The recent launch of two of Singapore’s four new digital banks – Green Link and ANEXT – has sparked a fresh wave of hiring activity that poses opportunities and new challenges for banking professionals.
Green Link and ANEXT are wholesale banks, while the other two digibanks – led by Grab and Sea – have full licenses but are not expected to launch until later this year.
These digital banks will require staff to adapt to a different style of work as they tackle the challenges of a frontier industry for the first year or so and then adapt to more traditional banking-related services once they get more established, according to recruiters.
Candidates tend to have a lot of questions and are seeking clarity on what type of hours they can be expected to work, what their actual roles will be and what kind of learning curve they will face, conditions that are notably different from established banks in Singapore.
“During the initial stages a lot of work is going to be hands-on building the fundamentals, but when they go into the soft launch and slowly transition into business as usual everyone’s job is going to change,” says Black Swan Group recruitment manager Shingo Wong. He says many candidates view digital banking with excitement, although they acknowledge these opportunities can also bring on a sense of apprehension.
Because the sector is new, it tends to appeal to early and mid-career professionals who feel they have time to return to the traditional banking industry if things don’t work out.
“It’s not too difficult for them to hit the reset button,” Wong says, referring to the ability of banking staff to return to established roles at brick-and-mortar banks. He adds that bankers with more experience tend to view digital banks as offering “limited upside” because they may not have the luxury of investing years of work in an opportunity that does not pan out.
For the most part, these digital banks are recruiting directly for positions ranging from client facing and engagement to back office operational support. These include risk management and compliance roles, operations roles and support functions, front office, finance and tech roles such as project managers, IT systems administrators, and data architects.
“They are starting with the crucial hires which is a steady and right move, so as to not expand too quickly,” says Selicia Low, senior consultant, banking and financial services at Ambition in Singapore, referring to the recruitment strategy at Green Link.
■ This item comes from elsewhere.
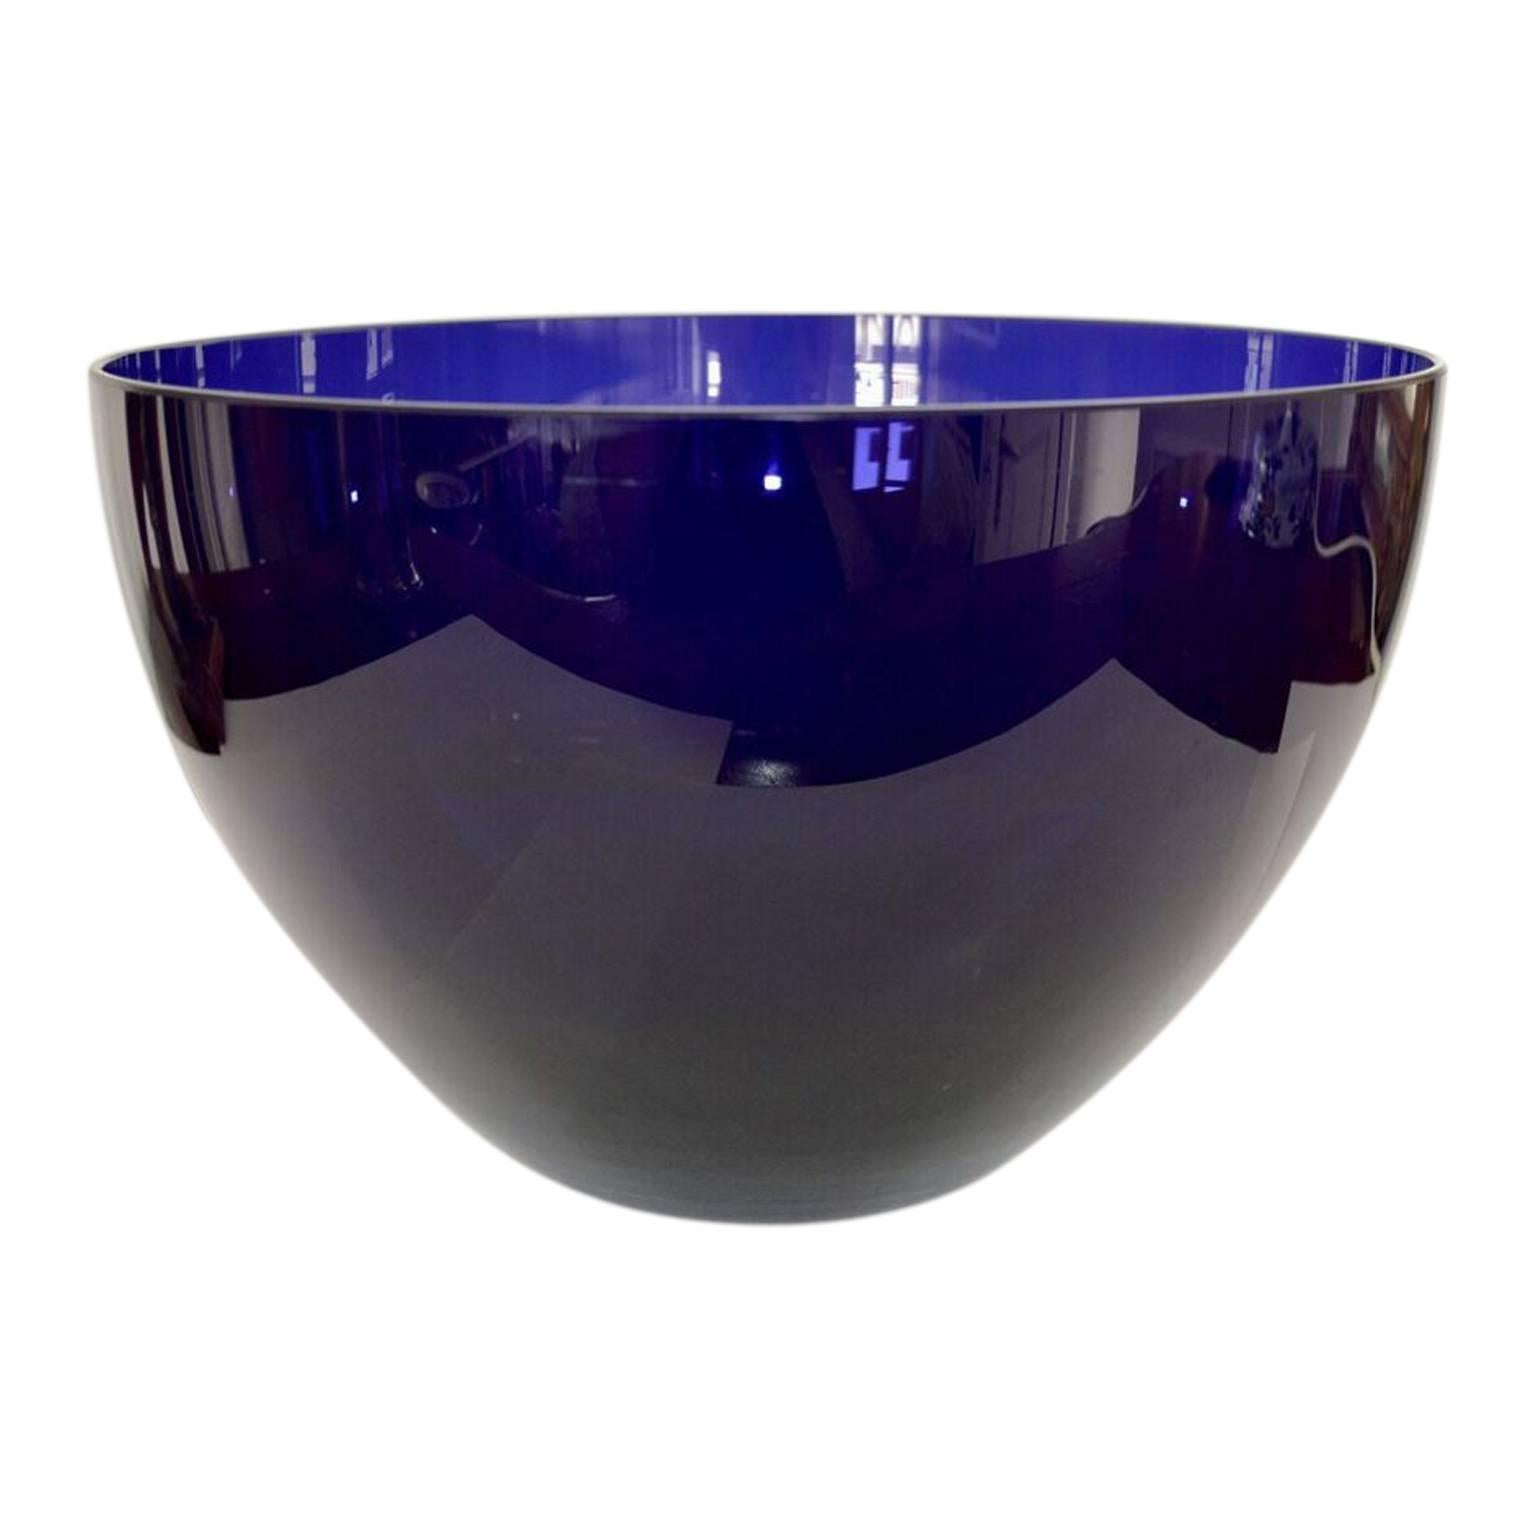 Vintage cobalt blue glass bowl, serving dish or decor fruit bowl.

Green Link and ANEXT both have backing from mainland Chinese enterprises. Green Link is owned by Greenland Holdings and supply chain financing platform Linklogis Hong Kong, while ANEXT is backed by Ant Financial.
Low says Green Link has a unique business strategy that should make it appealing to candidates looking to the long term. “To many banking talents and professionals, a platform with clear strategy and business direction is very important for their career growth,” says Low. “Green Link has a digital wholesale bank license and a focus on serving micro, and small and medium enterprises with banking and financial services.”
Wong says candidates seeking jobs at either Green Link or ANEXT Bank would likely be required to speak business-level Mandarin in addition to meeting other language requirements.
For the most part, joining a digital bank backed by mainland Chinese investment shouldn’t be regarded as a roadblock to long-term career growth as staff would benefit from opportunities to grow within the bank's internal management structure.